(Your goal): Your output should be exactly the lines from the one containing "iPhone7 มือสอง 128G สีทอง รูปที่ 3" through the final line of the following data, please, with no pictures.

(Dataset excerpt):
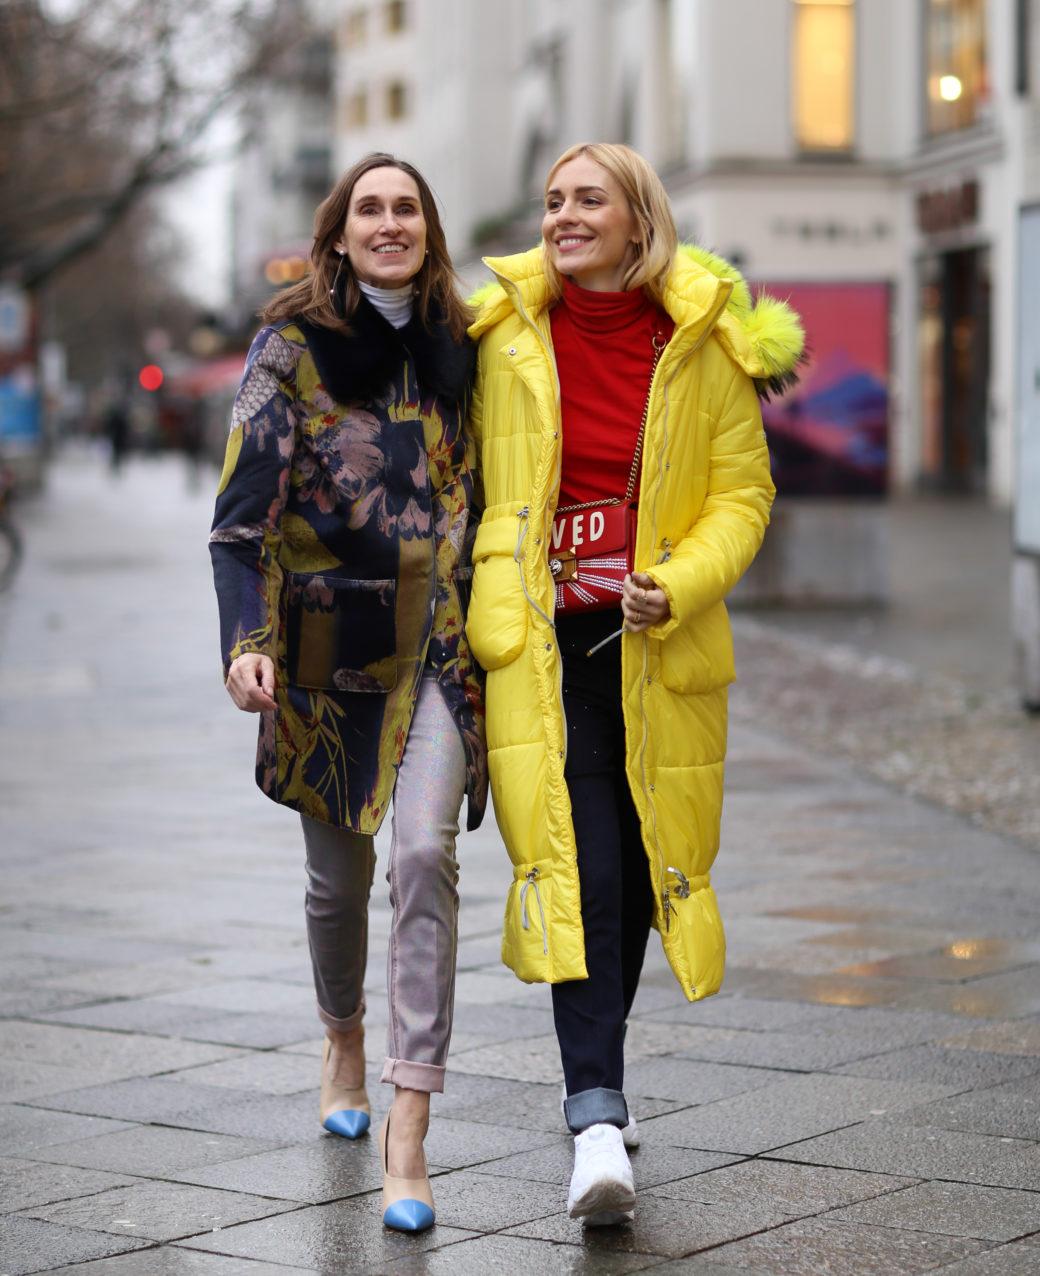 Sieht atemberaubende Schuhe aus Damen Isabel Marant
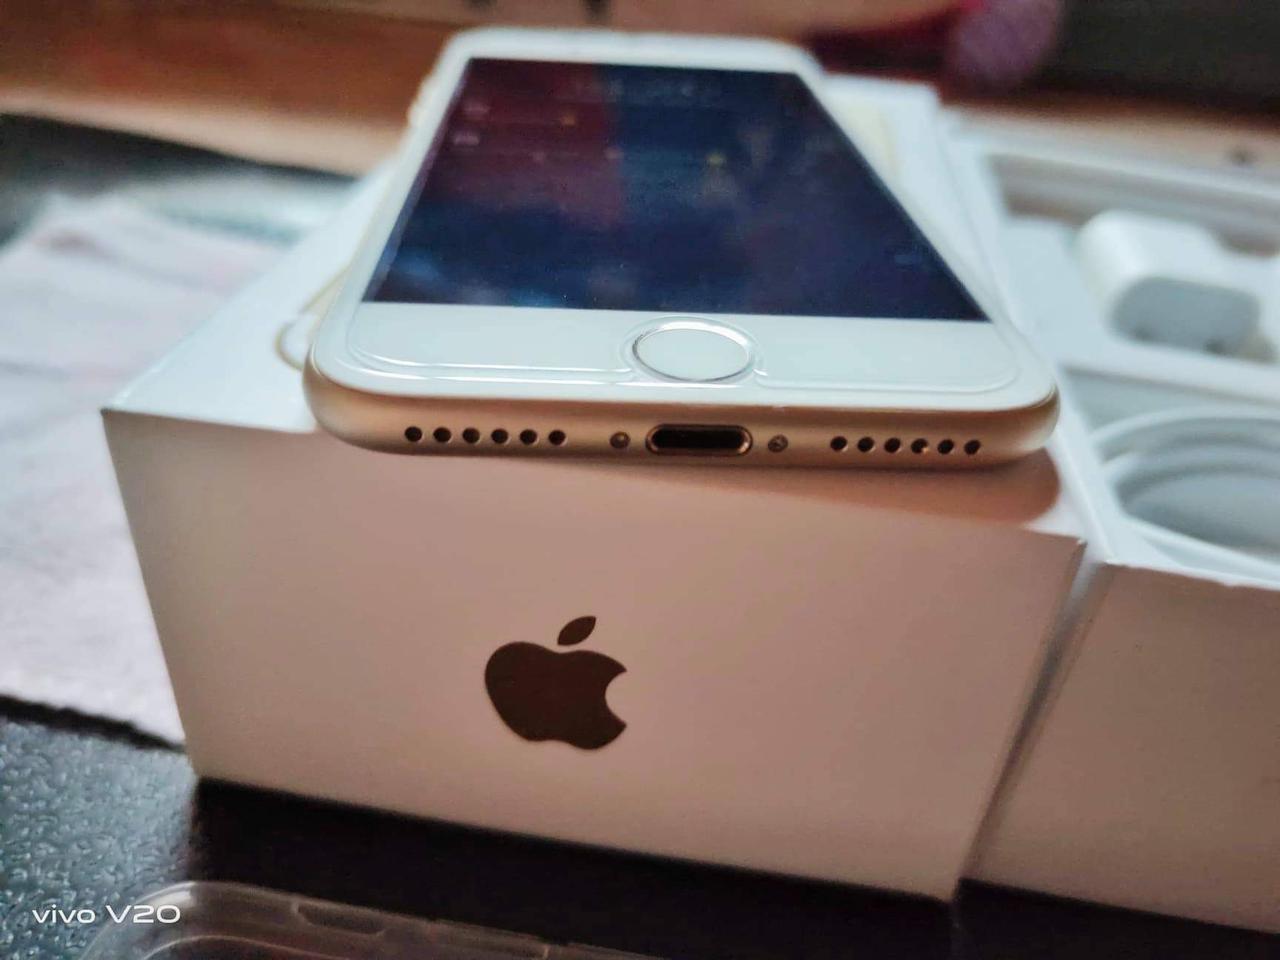 iPhone7 มือสอง 128G สีทอง รูปที่ 3
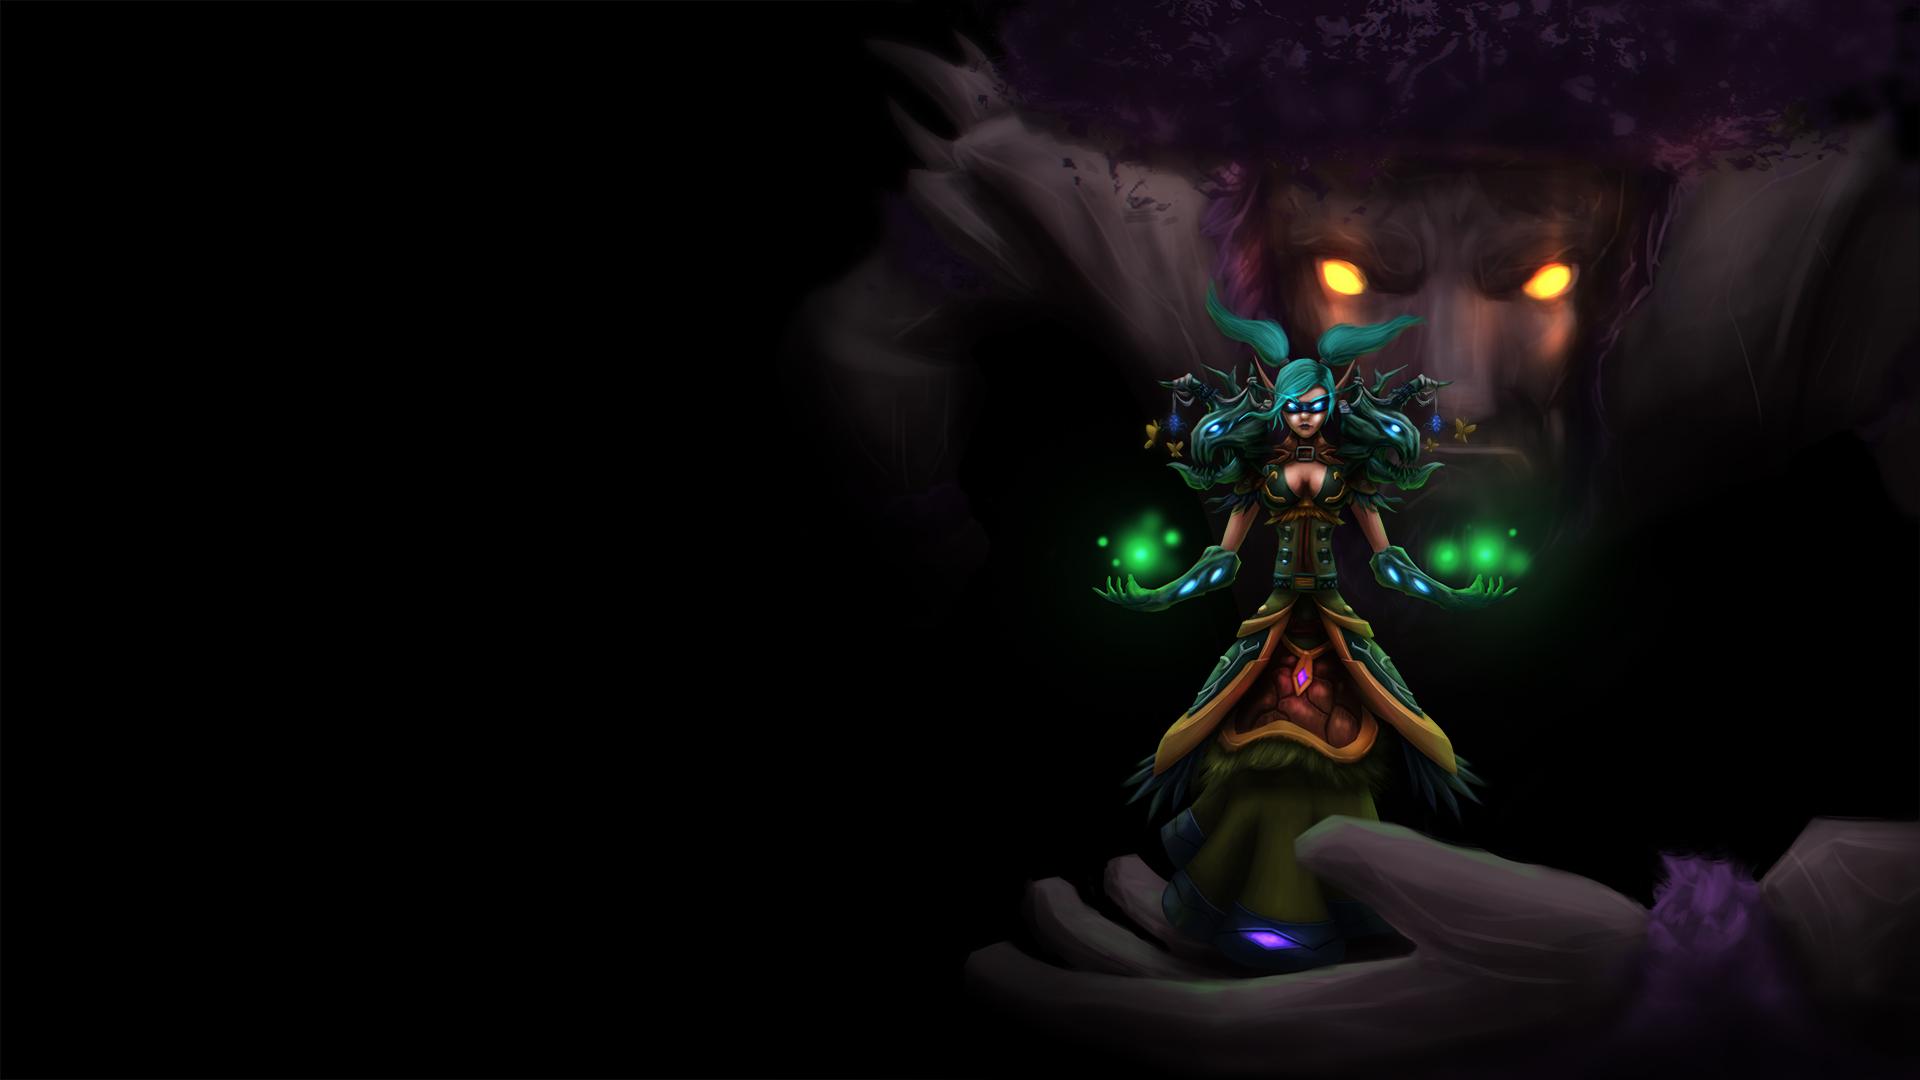 World Of Warcraft Resto Druid By Oshaddixo On Deviantart

(Completed task):
 iPhone7 มือสอง 128G สีทอง รูปที่ 3
 World Of Warcraft Resto Druid By Oshaddixo On Deviantart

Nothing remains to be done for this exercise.